To make things worse, we don't even know what kind of mean they used. For example, it could have been a weighted average calculation and, yes, this could be designed to add even more dramatism to the charts.
Looking at the standard deviation is likely to be a far better indicator of where each sample lies. Again, without error data some or all of this is meaningless. Why?
Let's say the measurement error is +/- 1 inch. Why? Hair, being in a hurry, using a tape measure and no reliable way to actually measure to the top of the skull, etc.
I don't feel like doing a bunch of statistical analysis this morning.
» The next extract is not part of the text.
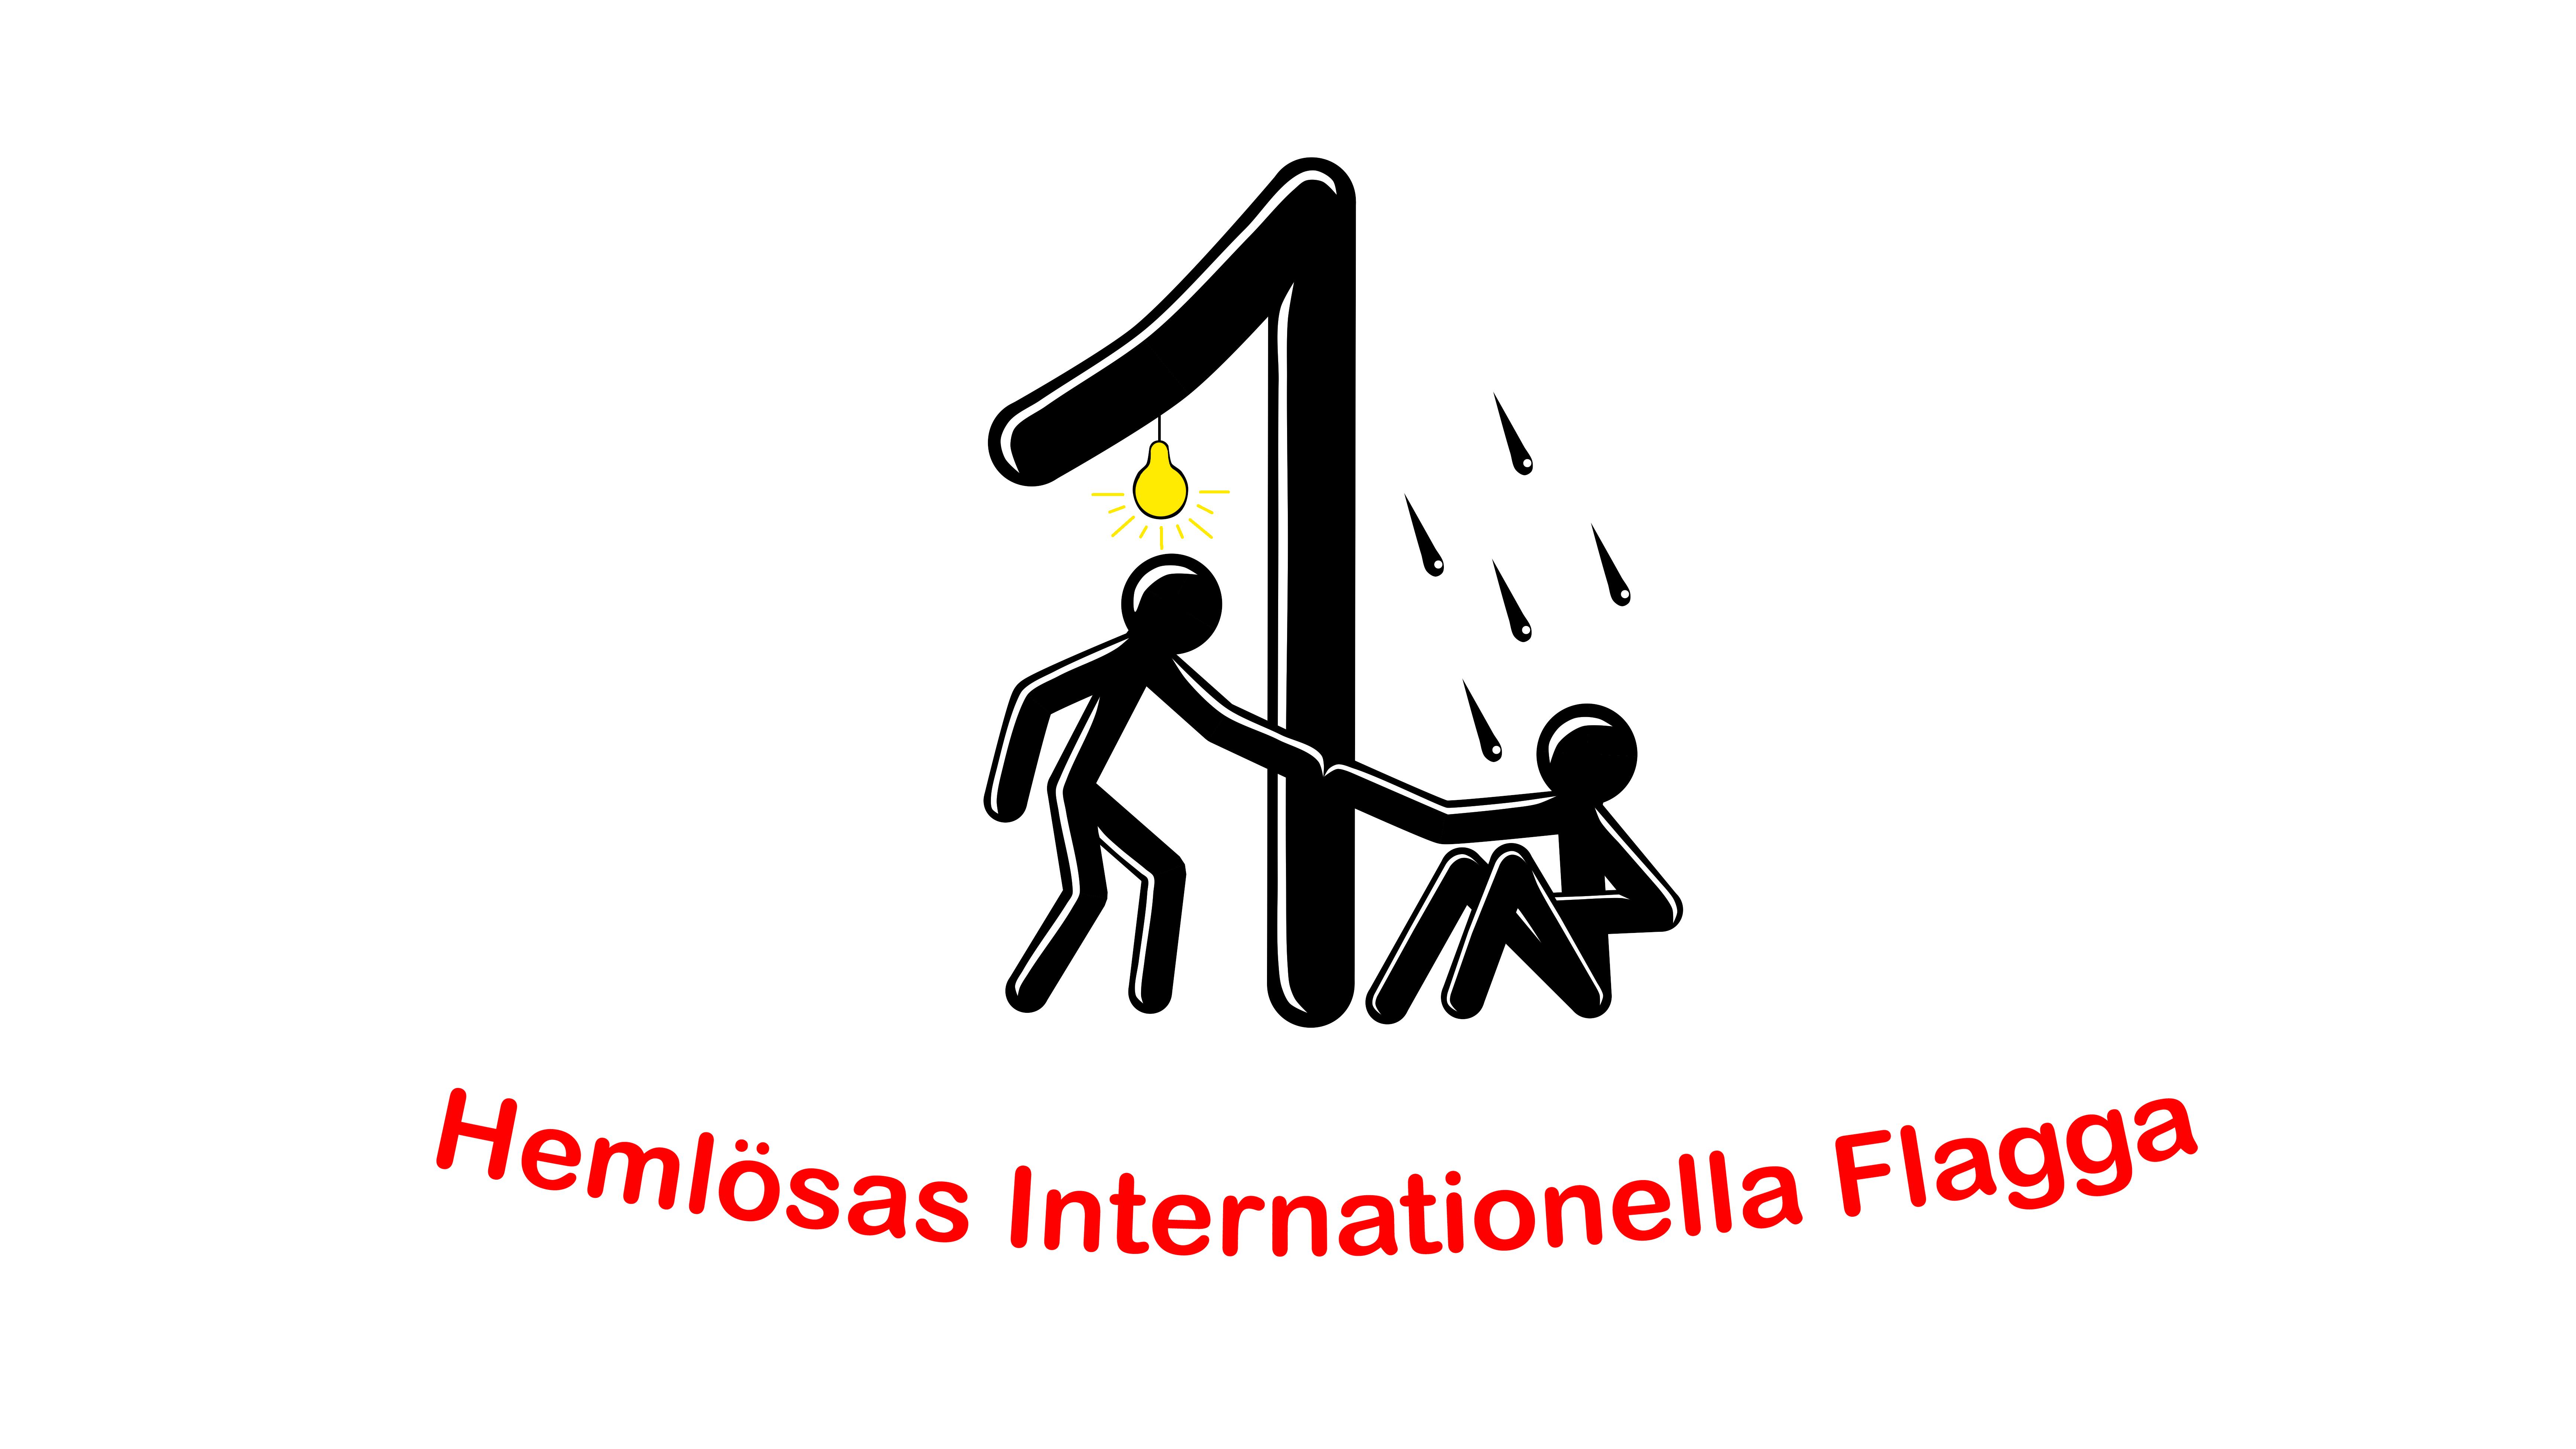 Hemlösas Internationella Flagga

I'll just say that, once you include such an error in the calculations you can end-up with results that anyone could consider to be "normal" and certainly within one standard deviation from the mean. In other words, no news at all.
I mentioned "significant digits" above and said this is important. This is an often misunderstood reality of calculations, particularly when it comes to real-world experimental data.
Say I machine a thousand pieces of metal to a diameter of 1.000 inches. It's a pin that is supposed to go into a hole with a diameter of 1.001 inches. After manufacturing half of them come out to 1.005 and the other half 0.995 inches. The average is 1.000 in. What does this mean? NOTHING. Why? Because fully half of the pins I machined will not go into the hole because they are too big! That's 50% waste due to the error. The average is meaningless.
If I report this as a difference with respect to the mean of a partial population the numbers that will come out of that will be utterly meaningless. Useless. The correct specification is likely to be a measure acceptable standard deviations of the pins from the standard deviation of the population of achievable hole diameters.
Back to significant digits.
You can't fabricate data where it doesn't exist.
If you have three numbers, [10.5, 9.3, 17.3] you can calculate the average to be 12.3666... However, if these numbers came from experimental data, you can't claim you have a valid result to six or more significant digits. You just can't. In this case your best hope for a meaningful average is 12. Not 12.3, 12. Two significant digits. This is limited by the value with the lowest number of significant digits.
I won't go into the details on significant digits. Here's a short document from Yale on the subject and how it applies to calculation:
And, BTW, this takes on a much more important meaning when you are dealing with laboratory or experimental data. Dry theoretical calculations must follow these rules. Once the values being manipulated become connected to the real world this become far more important and significant, because findings must have real meaning. Without that you might assume 100% of the pins you machined are good, when, in reality, you have to throw away (or fix) 500 of them.
Here's a good set of videos on the subject from Khan Academy:
From the video: "to ensure"..."that the result isn't more precise than the things you actually measured".
If you are not familiar with this kind of analysis, please watch the videos. This speaks directly to the issues in the kind of reporting we see on this subject all the time. We can't fabricate data and not expect to be challenged.
As I said in a different comment. This is NOT to say I am one of these delusional anti-climate change folks. The effect is very real. What I am saying here is that if we are going to gain the hearts and minds of those who might not understand or want to accept what's going on we have to make sure we don't leave easy holes in the claims we are making. The "and then a miracle occurs" kind of math and claims you see all the time in climate change reporting provides very easy attack vectors for anyone wishing to discredit the entire discipline.
In my day to day work, if you showed me a noisy graph of a periodic signal measured over some 1/10th to 1/10000th of a typical cycle period, I would tell you that you don't have nearly enough data to establish a trend. Especially when the underlying phenomena are chaotic, complex, impossible to model accurately, and incompletely understood.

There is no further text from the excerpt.